=== Section Start ===

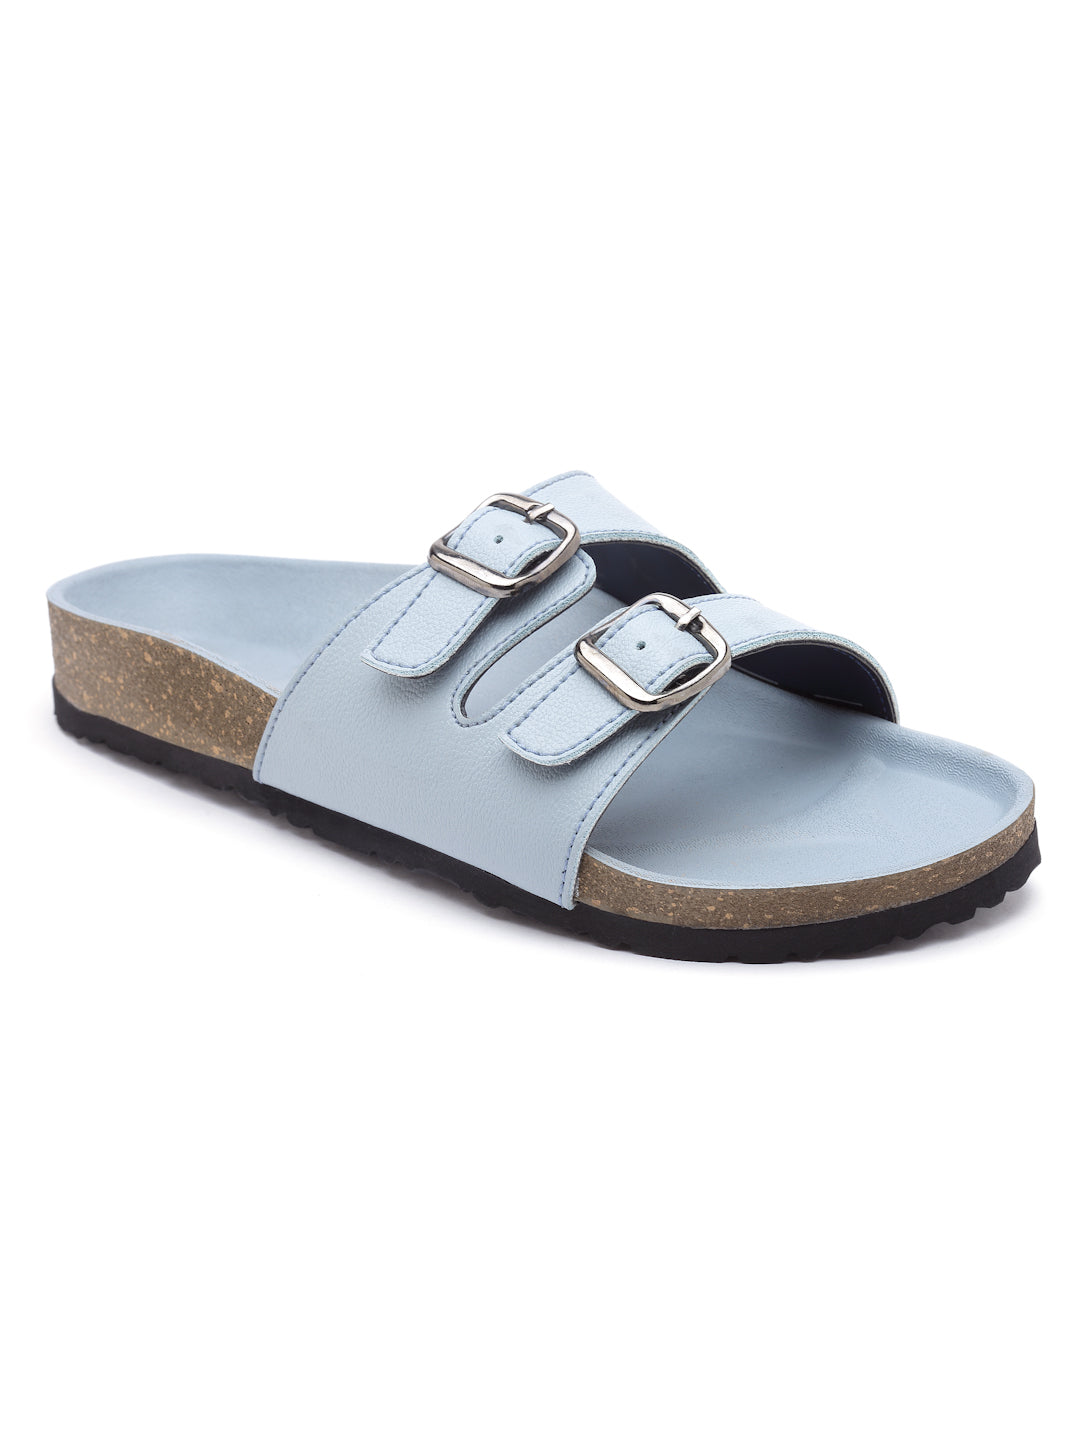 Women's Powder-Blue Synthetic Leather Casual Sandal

=== Section End ===
=== Section Start ===

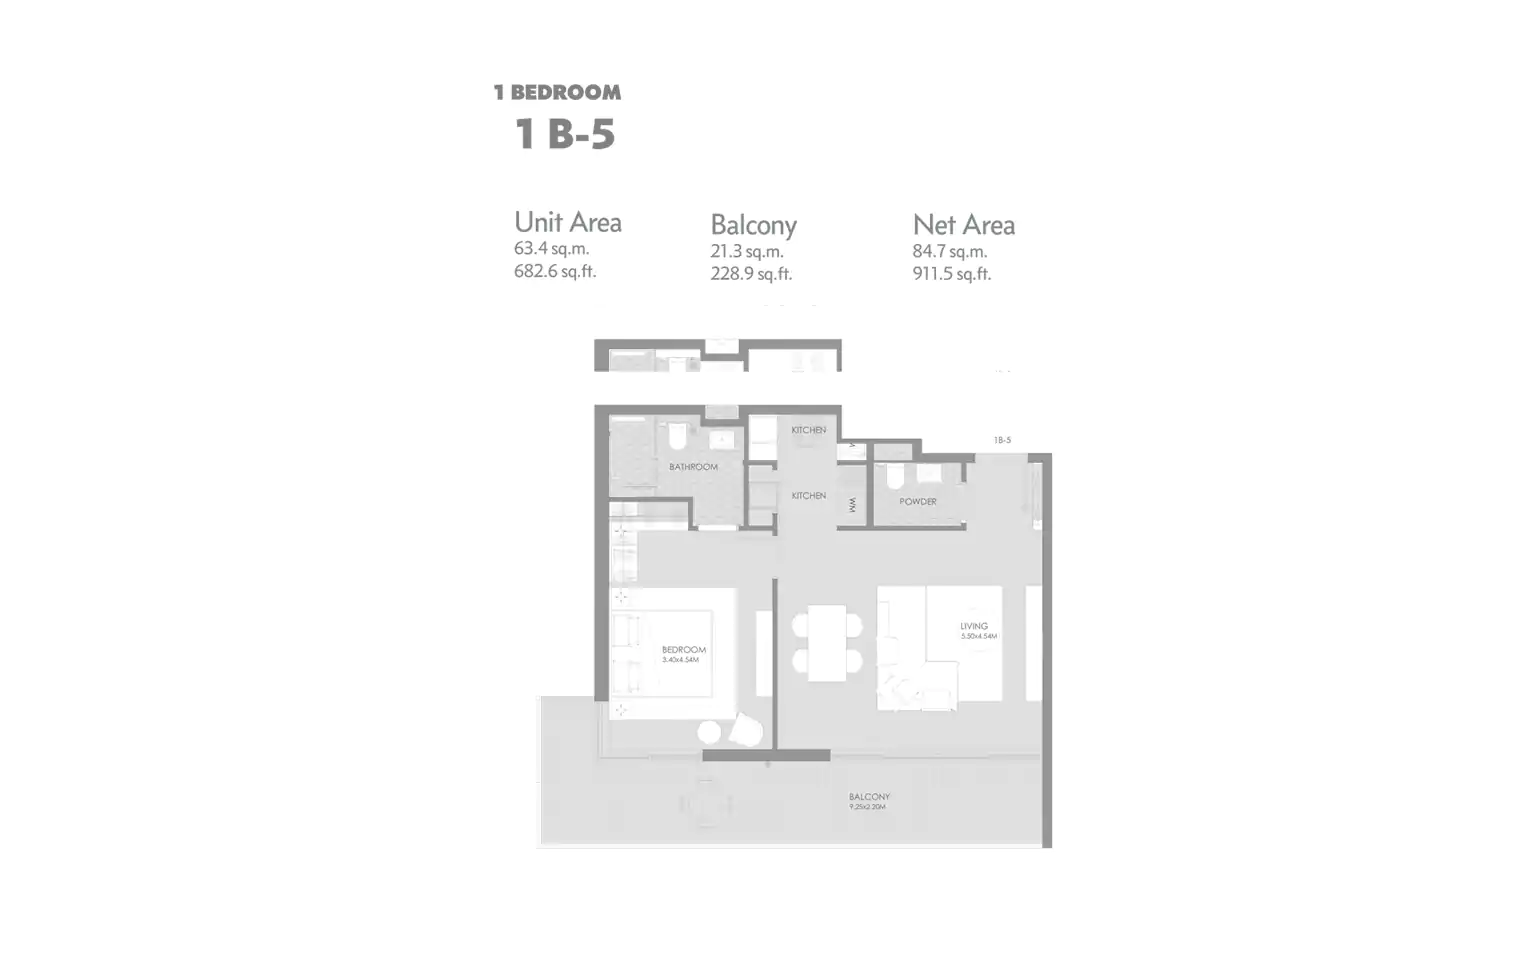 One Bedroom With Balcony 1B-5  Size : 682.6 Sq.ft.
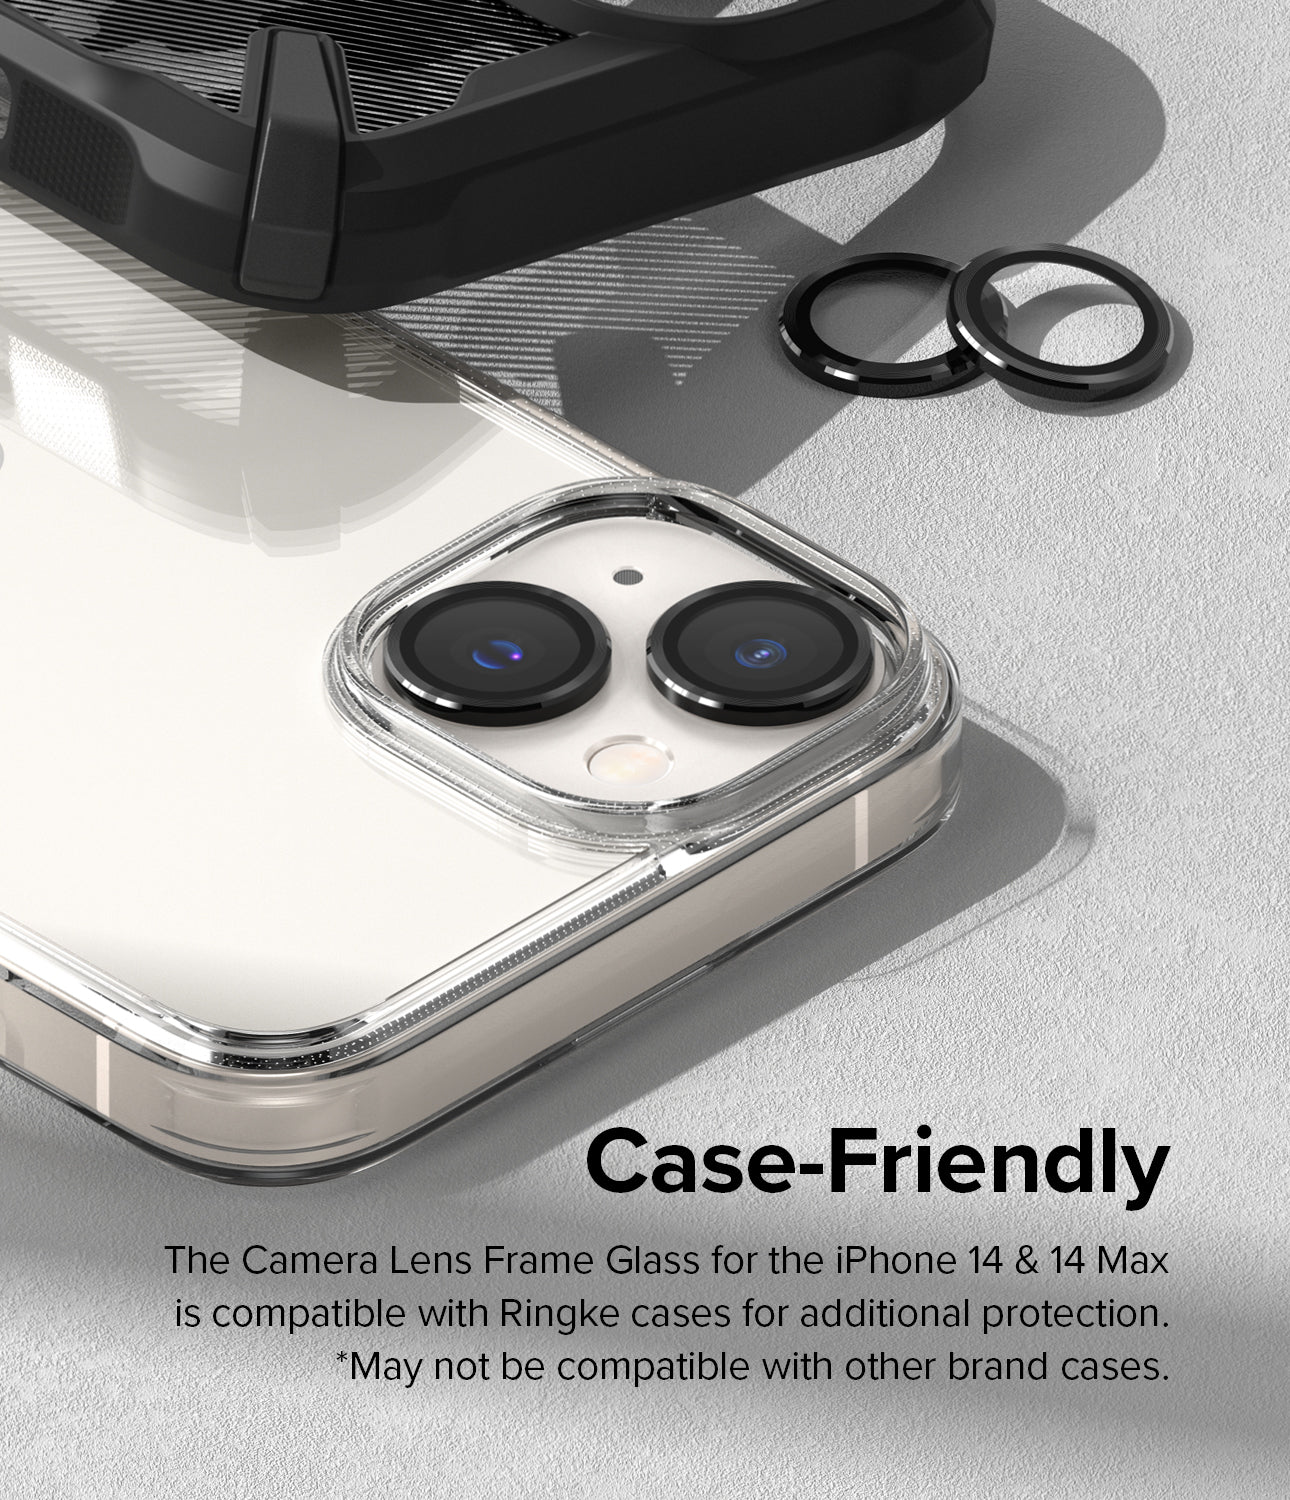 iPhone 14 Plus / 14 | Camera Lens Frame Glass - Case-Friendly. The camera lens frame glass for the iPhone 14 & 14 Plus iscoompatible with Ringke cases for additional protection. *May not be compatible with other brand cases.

=== Section End ===

* Task prompt
Using the listing above, reproduce word for word every line from the one containing "One Bedroom With" through the one containing "iPhone 14 Plus". Pictures must be left out.

* Answer to this exercise
 One Bedroom With Balcony 1B-5  Size : 682.6 Sq.ft.
 iPhone 14 Plus / 14 | Camera Lens Frame Glass - Case-Friendly. The camera lens frame glass for the iPhone 14 & 14 Plus iscoompatible with Ringke cases for additional protection. *May not be compatible with other brand cases.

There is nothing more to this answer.